Which of the following ideas discussed in this reading generally help make your code more safe from bugs?

(missing explanation)


Which of the following ideas discussed in this reading generally help make your code more easy to understand?

(missing explanation)


Which of the following ideas discussed in this reading generally help make your code more ready for change?

(missing explanation)

Why we use TypeScript in this course

Since you’ve had 6.009, we’re assuming that you’re comfortable with Python. So why aren’t we using Python in this course? Why do we use TypeScript/JavaScript in 6.031?

Safety is the first reason. TypeScript has static checking (primarily type checking, but other kinds of static checks too, like that your code returns values from methods declared to do so). We’re studying software engineering in this course, and safety from bugs is a key tenet of that approach. TypeScript dials safety up to a high level, which makes it a good language for learning about good software engineering practices. It’s certainly possible to write safe code in dynamic languages like Python or JavaScript, but it’s easier to understand what you need to do if you learn how in a safe, statically-checked language.

Ubiquity is another reason. TypeScript compiles into pure JavaScript, which is widely used in research, education, and industry. JavaScript runs on many platforms, not just in the web browser where it originally became widespread, but now also in web servers and even in desktop applications for Windows/Mac/Linux.

Compared to Java, TypeScript has a richer type system, needs less boilerplate code to write a program, and is a better choice for creating modern user interfaces and web apps.

In any case, a good programmer must be multilingual. Programming languages are tools, and you have to use the right tool for the job. You will very likely have to pick up other programming languages (such as Java, C/C++, or Scheme or Ruby or Haskell) for classes, internships, or UROPs before you even finish your MIT career, so we’re getting started now by learning a second one.

As a result of its ubiquity, JavaScript has a wide array of interesting and useful libraries, and excellent free tools for development (IDEs like VS Code, editors, compilers, test frameworks, profilers, code coverage, style checkers). JavaScript and Python are close competitors in the richness of their ecosystems, and TypeScript can take full advantage of JavaScript libraries.

There are some reasons to regret using JavaScript. It’s large, having accumulated many features in the decades since it was originally designed.

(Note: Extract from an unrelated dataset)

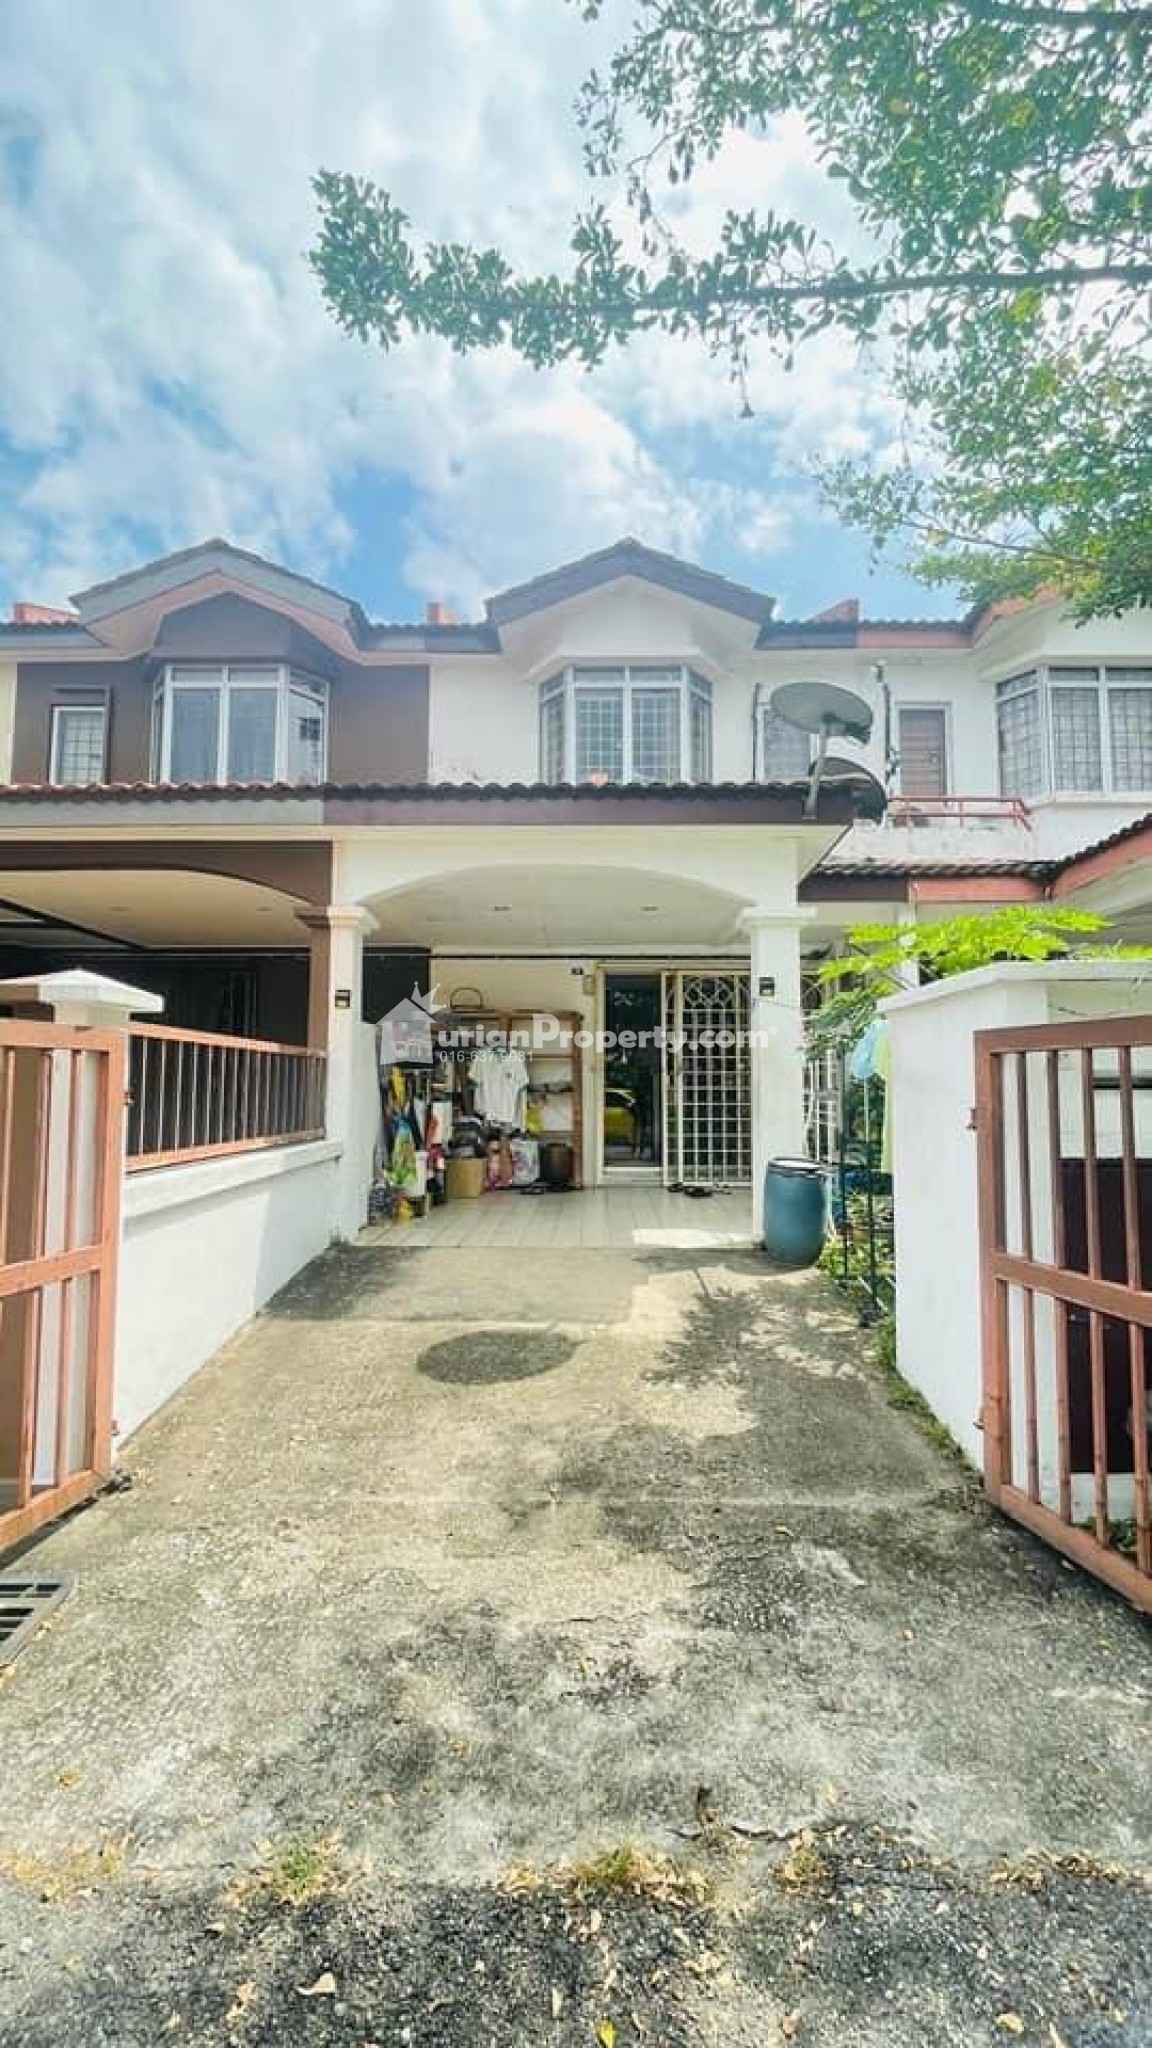 Terrace House For Sale at Bandar Damai Perdana
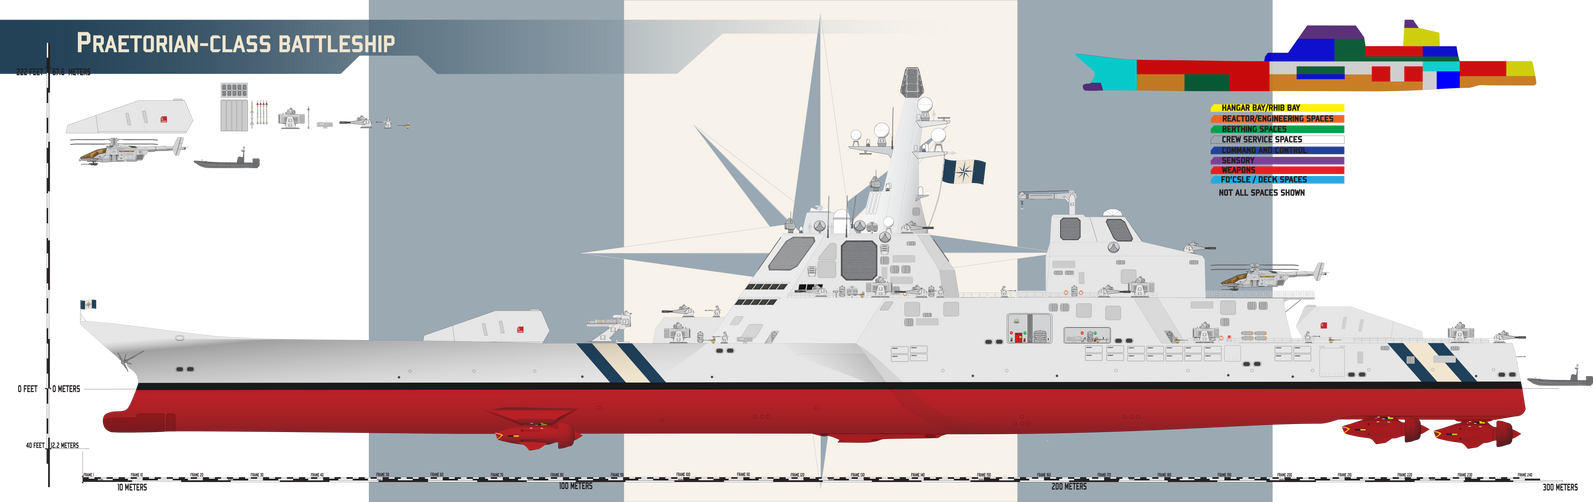 Praetorian-class Battleship [COMMISSION]

It’s weighed down by the baggage of older languages like C/C++ — the switch statement is a good example of an antiquated and unsafe language construct inherited from C. And JavaScript itself started with some poor design decisions, including type conversion rules that make 0 == "" return true and [] + [] somehow produce the empty string, as well as less dynamic checking than other languages. TypeScript fixes some of these warts in JavaScript, but not all. There are many parts of JavaScript that are now deprecated and avoided by programmers, because they’re risky to use.

But on the whole, TypeScript is a reasonable choice of language right now to learn how to write code that is safe from bugs, easy to understand, and ready for change. And that’s our goal.

Don’t get us wrong: the real skills you’ll get from this course are not language-specific, but carry over to any language that you might program in. The most important lessons from this course will survive language fads: safety, clarity, abstraction, engineering instincts.


The main idea we introduced today is static checking. Here’s how this idea relates to the goals of the course:

  • Safe from bugs. Static checking helps with safety by catching type errors and other bugs before runtime.

  • Easy to understand. It helps with understanding, because types are explicitly stated in the code.

  • Ready for change. Static checking makes it easier to change your code by identifying other places that need to change in tandem.